# WHAT YOU SHOULD DO
Leaving the pictures aside, repeat each line below exactly.

# DATA BLOCK

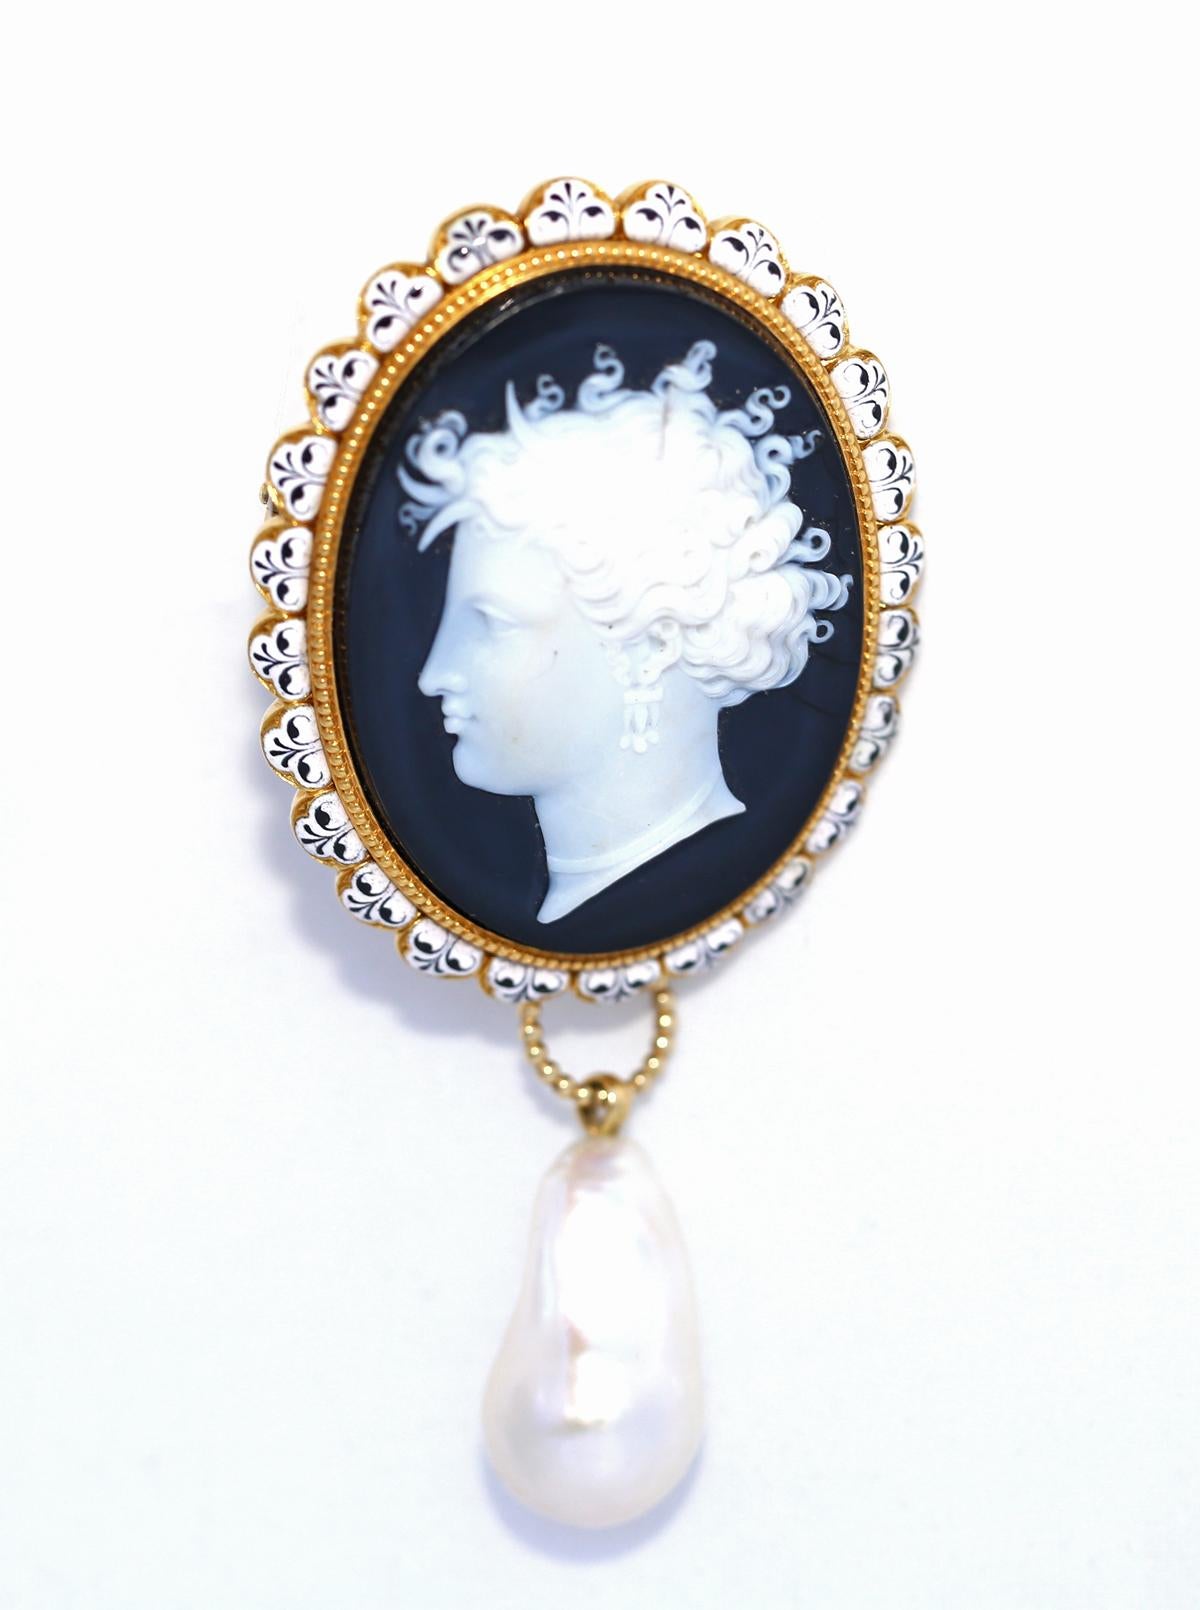 Edwardian Cameo Pearl Brooch Yellow Gold Greek Paul-Victor Lebas. Created around 1910.

Edwardian Cameo Pearl Brooch Yellow Gold. By Paul-Victor Lebas. Marvelous and massive antique cameo brooch, depicting a curly lady. Typical ancient Greek
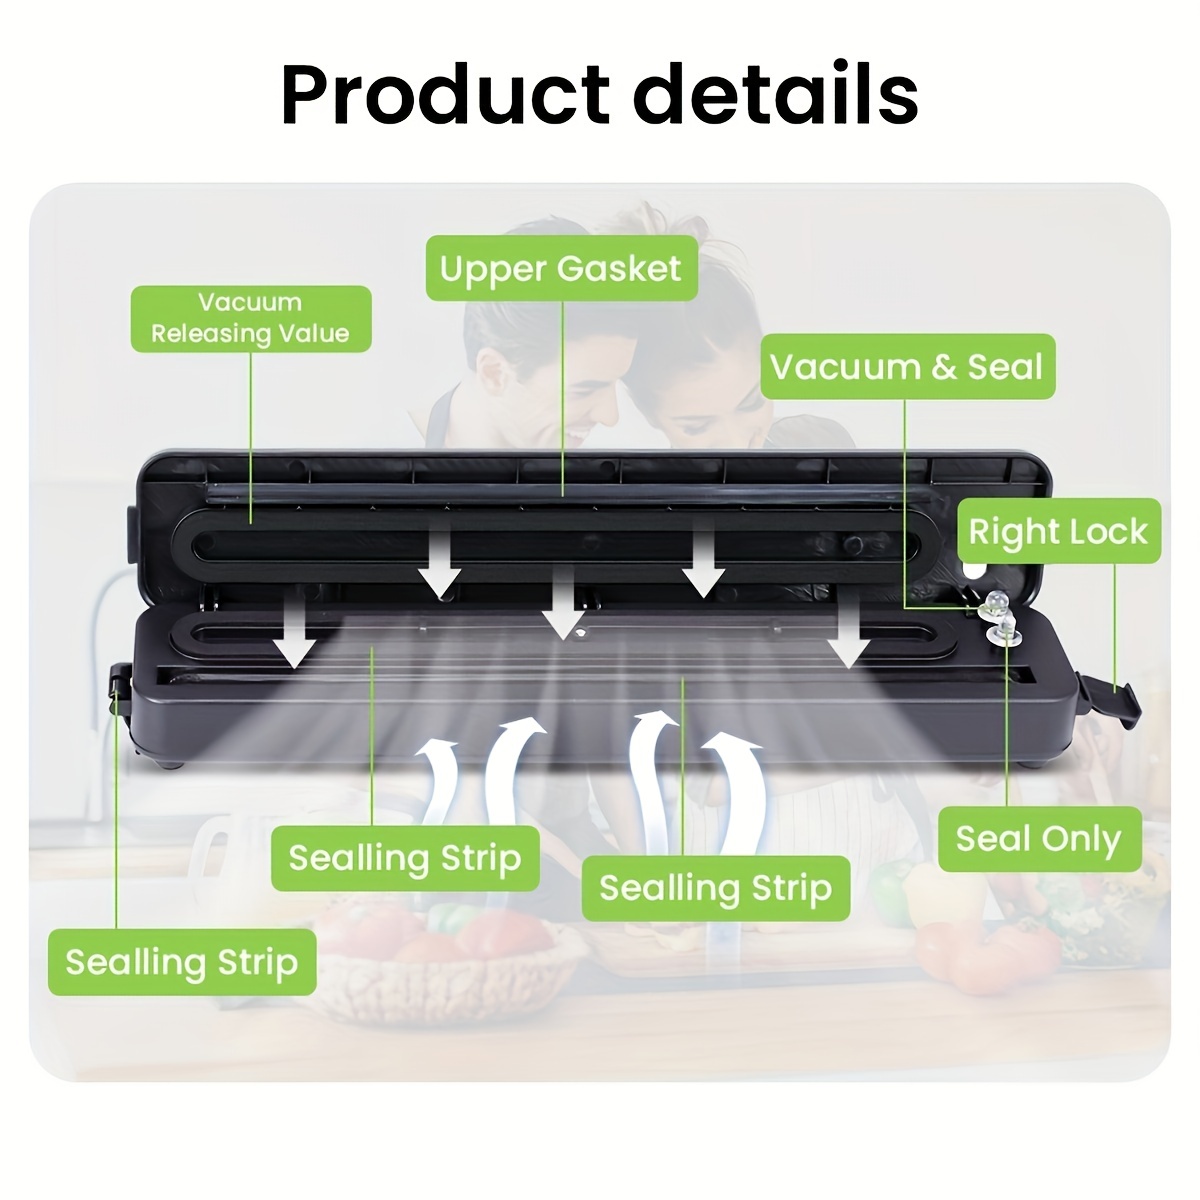 Vacuum Sealer Machine For Food Preservation - Automatic Air Sealing System  For Dry And Wet Food Storage With Compact Design, 10pcs Starter Kit Seal  Bags (black)

# TASK OUTPUT
 Edwardian Cameo Pearl Brooch Yellow Gold Greek Paul-Victor Lebas. Created around 1910.

Edwardian Cameo Pearl Brooch Yellow Gold. By Paul-Victor Lebas. Marvelous and massive antique cameo brooch, depicting a curly lady. Typical ancient Greek
 Vacuum Sealer Machine For Food Preservation - Automatic Air Sealing System  For Dry And Wet Food Storage With Compact Design, 10pcs Starter Kit Seal  Bags (black)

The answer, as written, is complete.